Voltando à conversa. A coisa mais difícil era me ver falar ao passar uma garota: "Nossa, você viu?". Mas ultimamente, convivendo com esse pessoal ou seja pelo simples fato de estar ficando mais velho, eu falo sim. E falei hoje, aliás. Nessa aula da tarde que fui com o Zé. A menina mais... não vou falar rabuda(rabo bom) como eles falam porque eu nunca falaria isso, mas digamos aquela menina (agora eu vou escrachar porque eu pensei assim mesmo e não "lembrei como os meus amigos dizem") aquela menina que já deve ter ganhado pelo menos uma homenagem na casa de cada um dos portadores de testosterona do colégio, entendem? Sei que sim. E, se não, você é muito puro(a). Eu já a homenageei, revelo. E até sonhei com a danada-de-bonita uma vez, um sonho erótico, lógico ótimo. Aliás, acho que foi o último sonho de estar fazendo sexo que eu tive. Nossa, faz tempo! Não foi o melhor, acho que nenhum vai bater aquele meu, após ver um vídeoclip da Madonna quando eu tinha 13/14 anos. Ah, como foi bom! Mas voltando, então. Hoje mesmo eu comentei sobre mulher, da "maneira homem": "Maldita calça de ginástica enfiada, maldita!" A melhor bunda de um colégio de mais de 4 mil alunos vestindo aquilo. Não há hormônio ocular que não faça a festa, bata palmas e te distraia o tempo todo. Comentei com o Zé, e ele me disse que nos olhos dele teve festa também.

Nós quatro na calçada, hoje, vendo as meninas da tarde na cidade. Eu não consigo comentar e me aderir a eles nos comentários, simplesmente porque eu não penso isso. Eu sempre olho, primeiramente e depende da roupa, para uma menina como se ela fosse um ser humano; eles, todas as vezes, independente da roupa, identificado o sexo feminino, olham para elas como fêmeas prontas para o abate, e seus imaginários conseguem passear por cada cursa avista, olhos que têm a sede de um deserto. Eu não consigo olhar para uma menina assim, logo de cara. Inerte num grupo como esse é mais fácil, sempre acontece, lógico, está todo mundo falando disso. Mas não é o meu natural. Olho primeiramente para o rosto que é o mais importante. Pode ser gente conhecida que venha a trocar contigo algum sorriso seguido de cumprimento.
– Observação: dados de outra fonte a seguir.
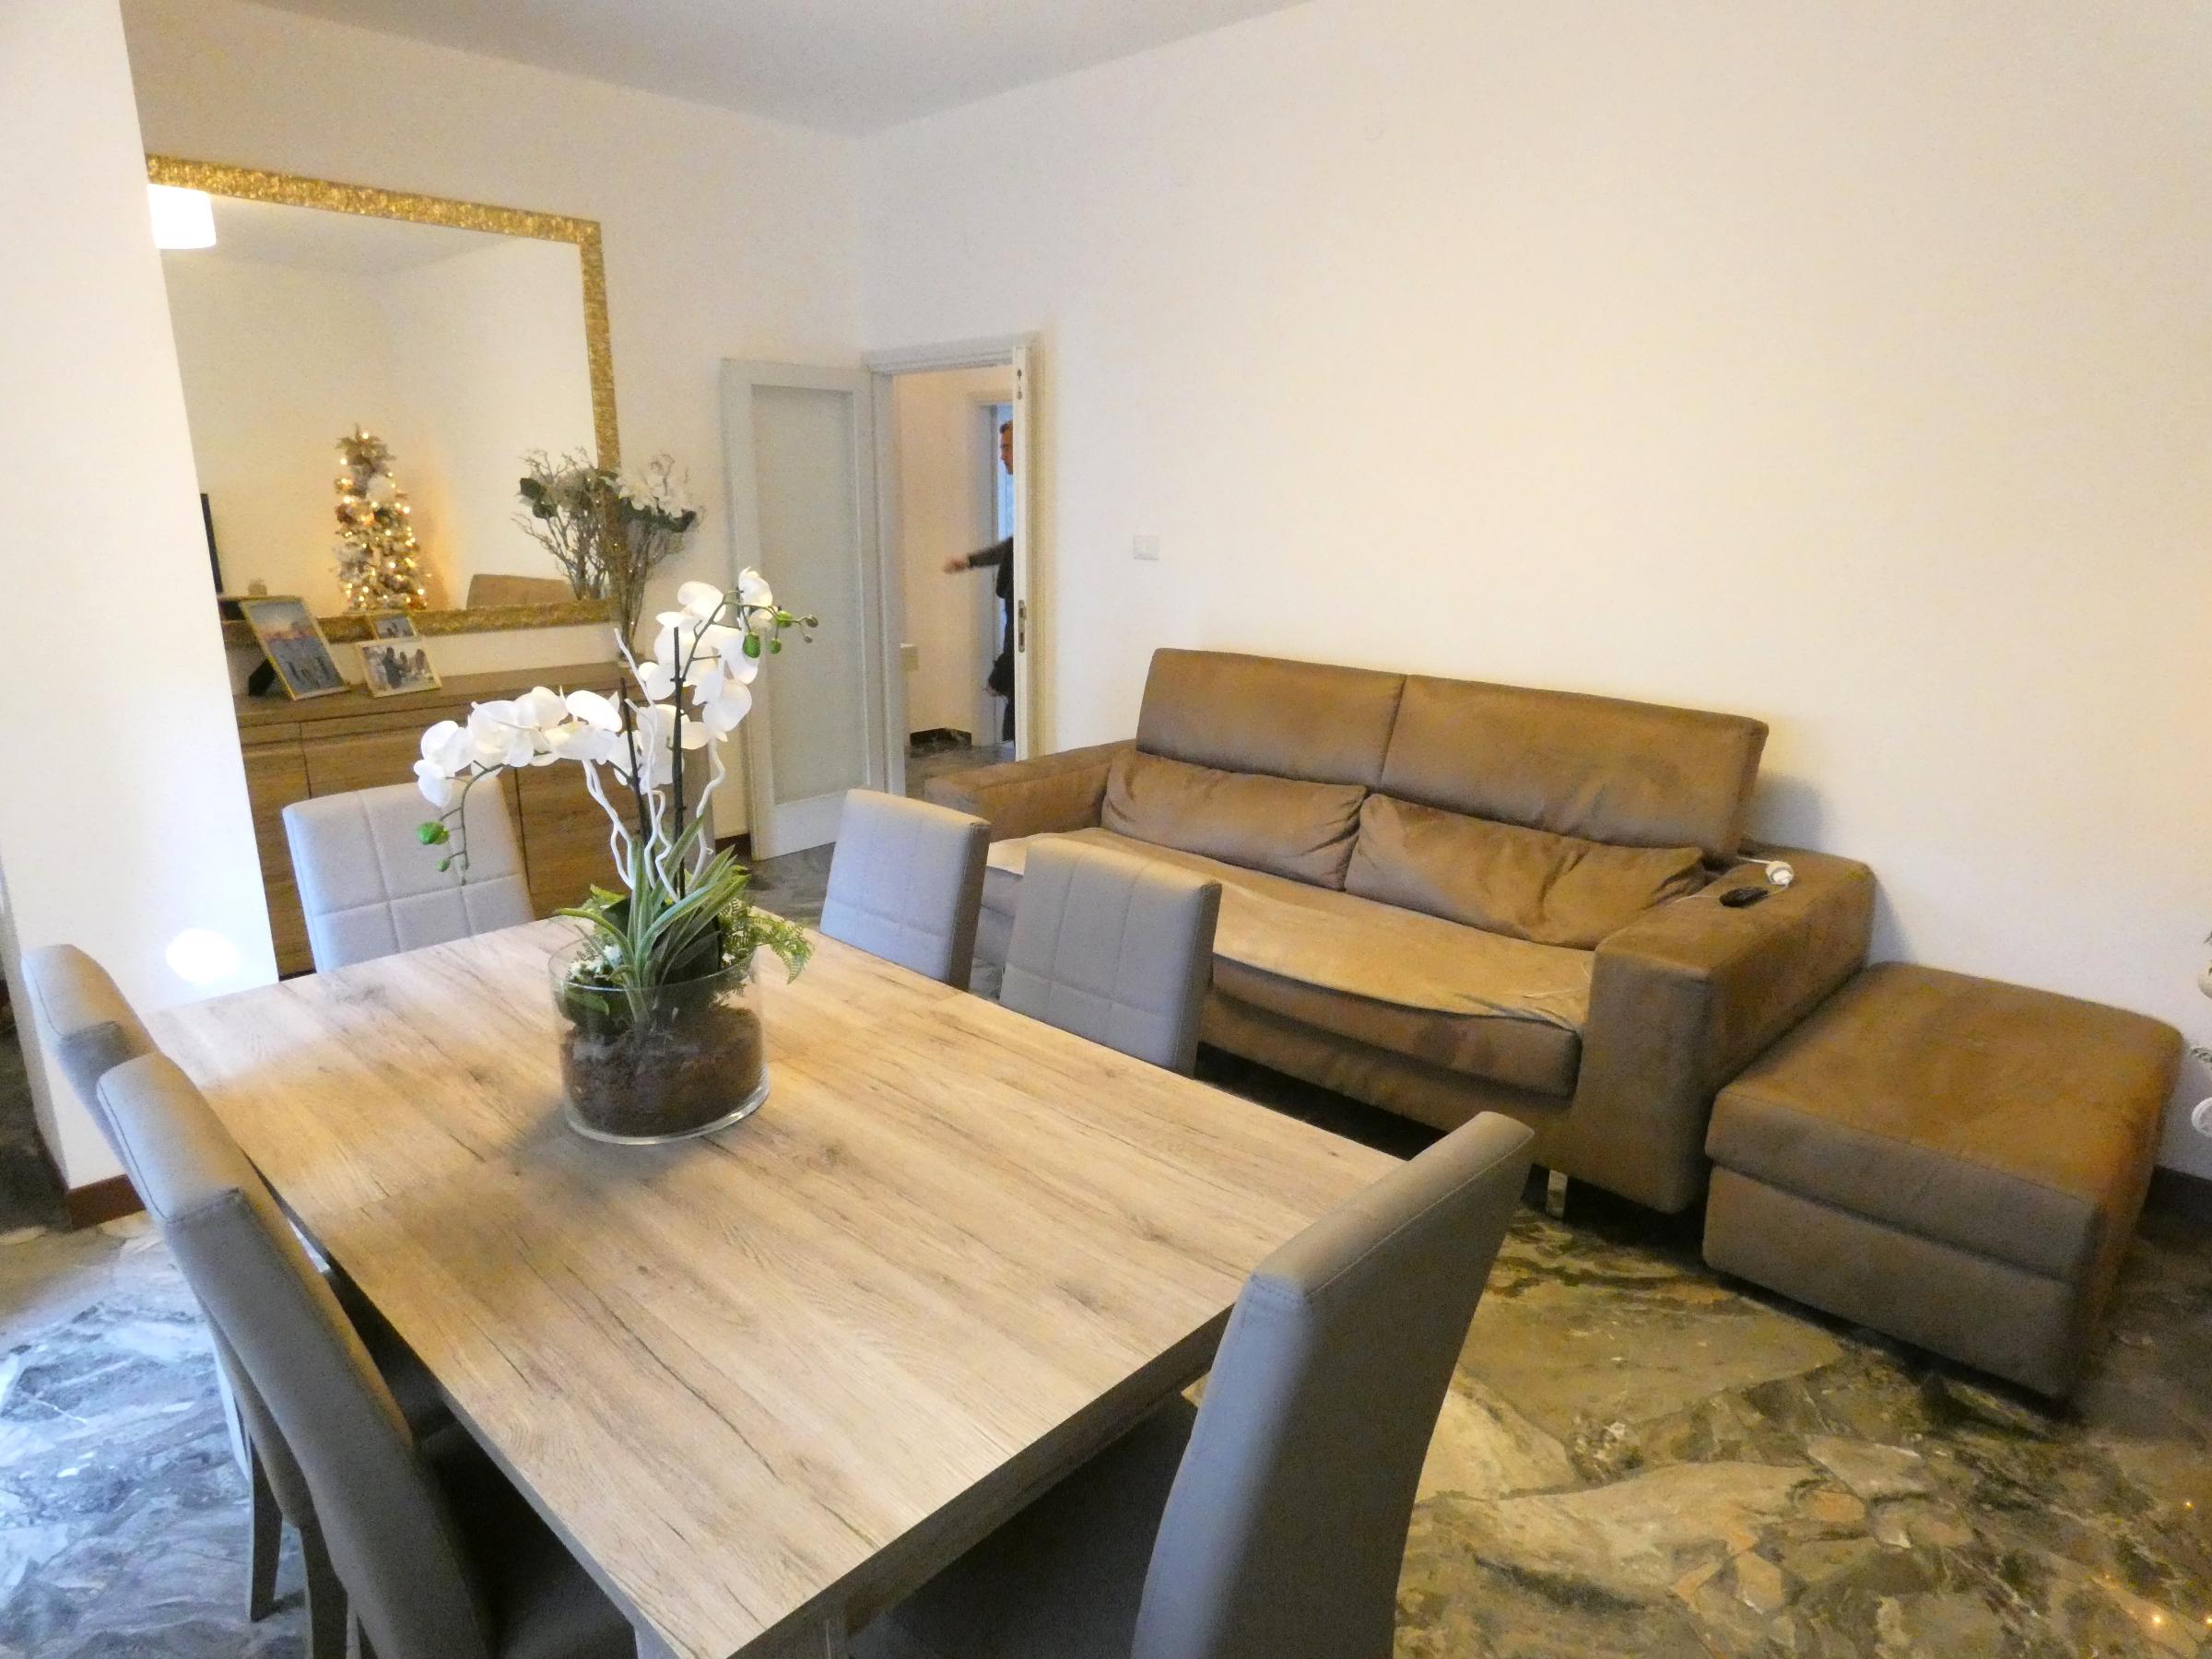 RICCIONE ALBA, Appartamento di ampia metratura in vendita

Se estou natural, passeando pela rua, nunca olho para trás, para ver a bunda da garota. Minto nesse nunca, olhem só: Se há homens por perto e eles olham, eu pego e olho também. Não sei o que me faz agir assim. Talvez seja um tipo afirmação: eu sou tão macho quanto vocês. Ou então, se há homens, mesmo que não tenham olhado, eu pego e olho (mas assim é só as vezes): "Olhe, eu sou macho. Eu olhei, vocês não". Só pode ser isso. Não é de mim olhar para qualquer garota que tenha bunda boa na rua e morder os lábios. Não é.
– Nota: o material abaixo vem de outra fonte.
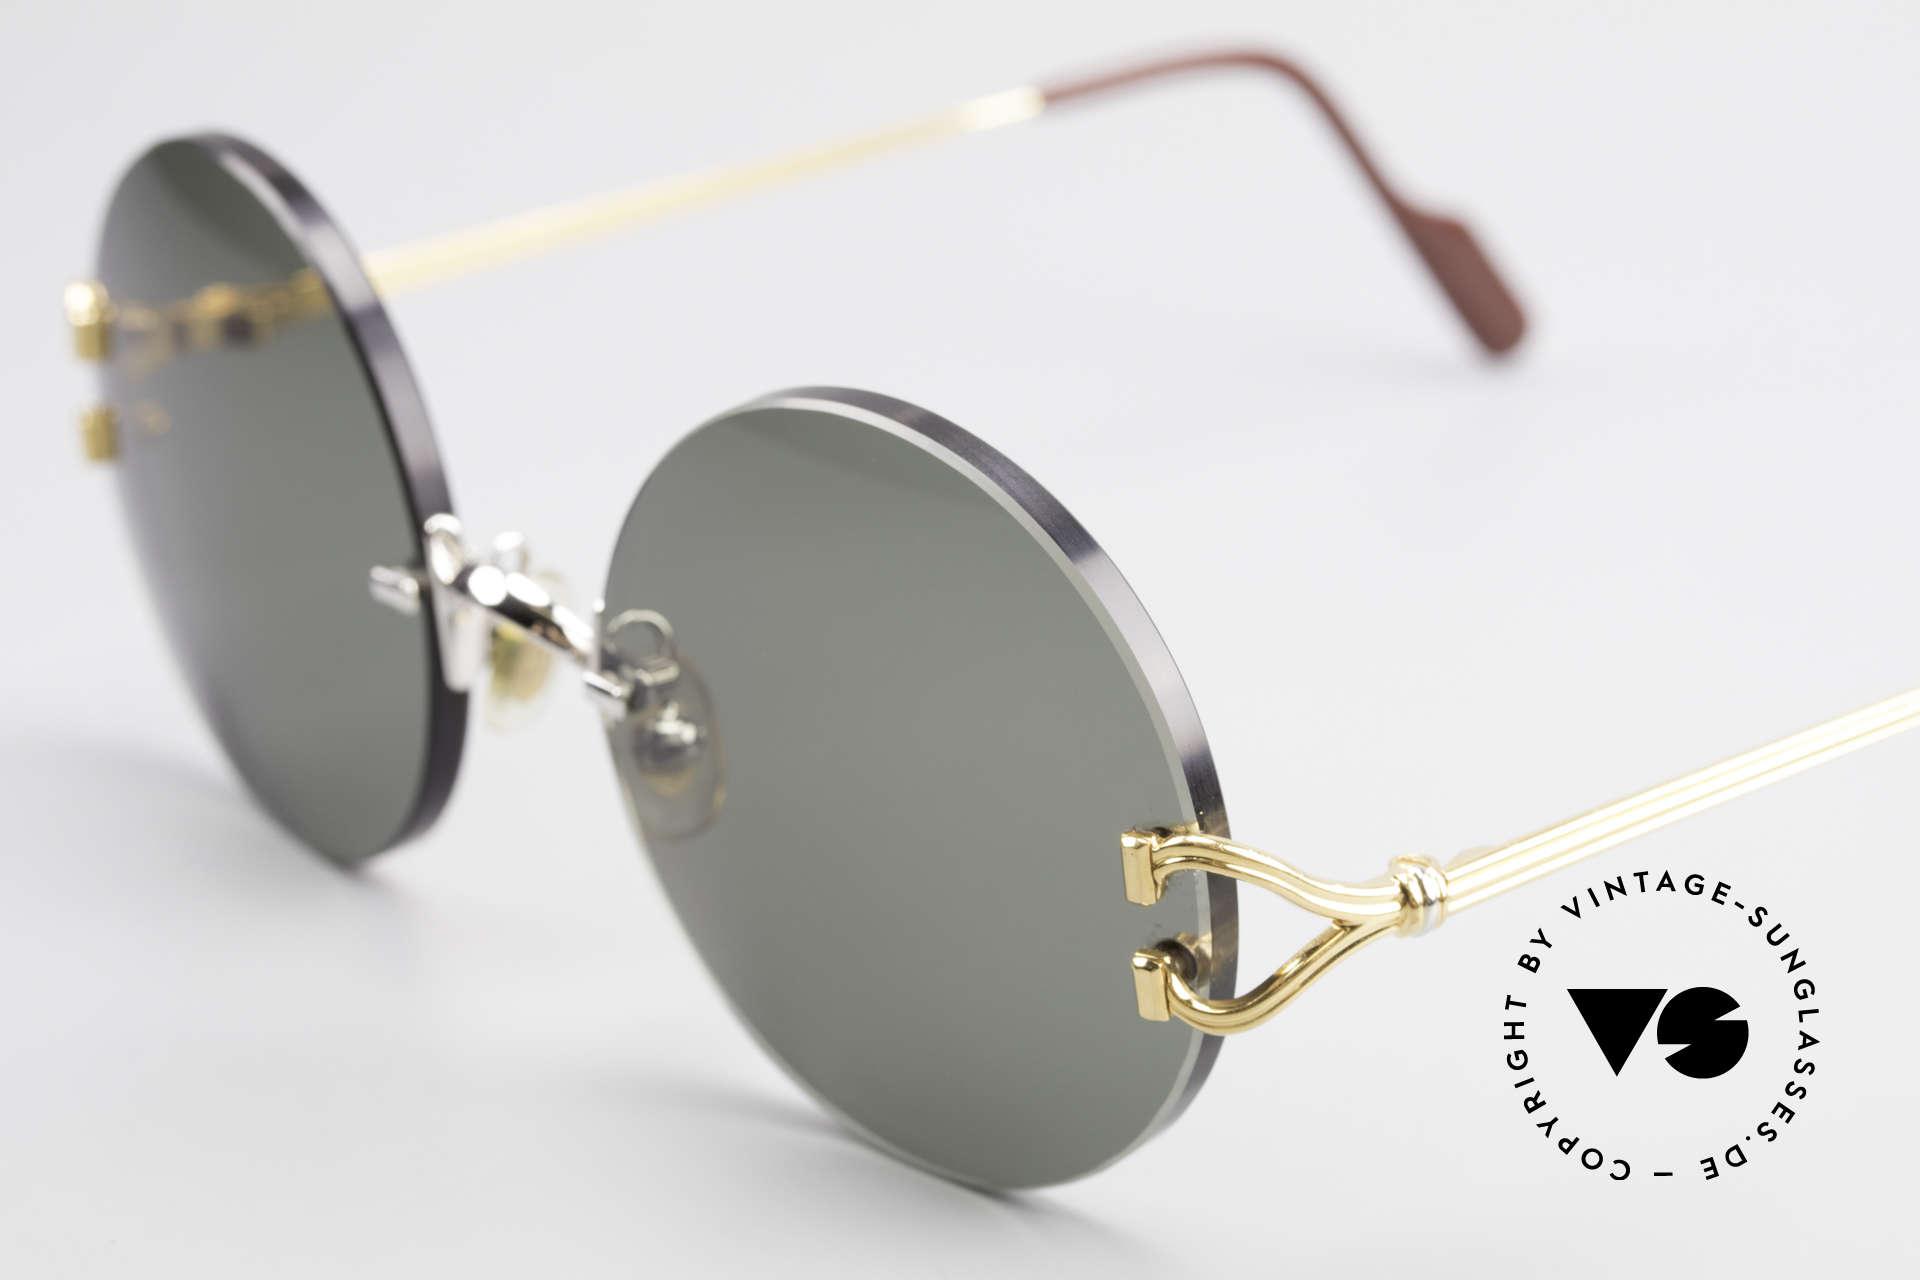 Cartier Madison Runde Customized Sonnenbrille, 2nd hand Modell in neuwertigem Zustand + Box, Passend für Herren und Damen

Pareço tranqüilo dizendo tudo isso, mas não sou/estou. Eu queria ser como os meus amigos, sabe? Saber os nomes das meninas da cidade, ir nas baladas, ficar. Curtir mais isso. Curtir mais o contato corporal que tanto satisfaz essa época da vida. Me incluir no circuito. Fico é deprimido por estar encostado no meu mundinho solitário, onde fico esperando algo acontecer. Eu, tomar atitude em relação a garotas? Muito difícil, viram aí, uns posts abaixo, eu sou um Poetinha. Um maldito de um poetinha. Mas eu vou falar mais coisas que eu um poetinha faz. Vou falar.
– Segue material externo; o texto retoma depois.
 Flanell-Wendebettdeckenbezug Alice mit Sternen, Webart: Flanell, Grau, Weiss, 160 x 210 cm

O poetinha fica lá, meio sem graça entre os amigos que falam bastante de mulher. Ele é do tipo de cara que pode ter uma mulher na roda de conversa, pode não ter, ele fala igual, puxaria os mesmos assuntos. Só quando ele está falando sozinho com um amigo que ele vai dizer das coisas sexuais da vida dele. De resto... costuma reclamar que a maré tá foda, que a maré tá brava, que não fica com ninguém, nunca mais beijou na boca... Mas no fundo não está nem aí para isso. Se estivesse, faria alguma coisa. Ele quer mesmo é ficar no banho-maria.

Bem, o cara fica lá todo sem jeito com os amigos e tals, não sabe o que falar, não fala. Aí ele chega em casa, não tem ninguém em casa, vai para o computador e tem "alguns e-mails", vídeos novos que ele baixou, fotos de mulher pelada. Ela já fica de pau duro. Faz uns esquemas com a cueca e se masturba vendo as imagens que turbilham seus instintos. Quando acaba, no mesmo segundo o pinto já ficou mole. As imagens são vistas como se sua mãe estivesse do lado, você odeia ter se melado e vai tomar banho irritado com isso, você morre de preguiça de se limpar.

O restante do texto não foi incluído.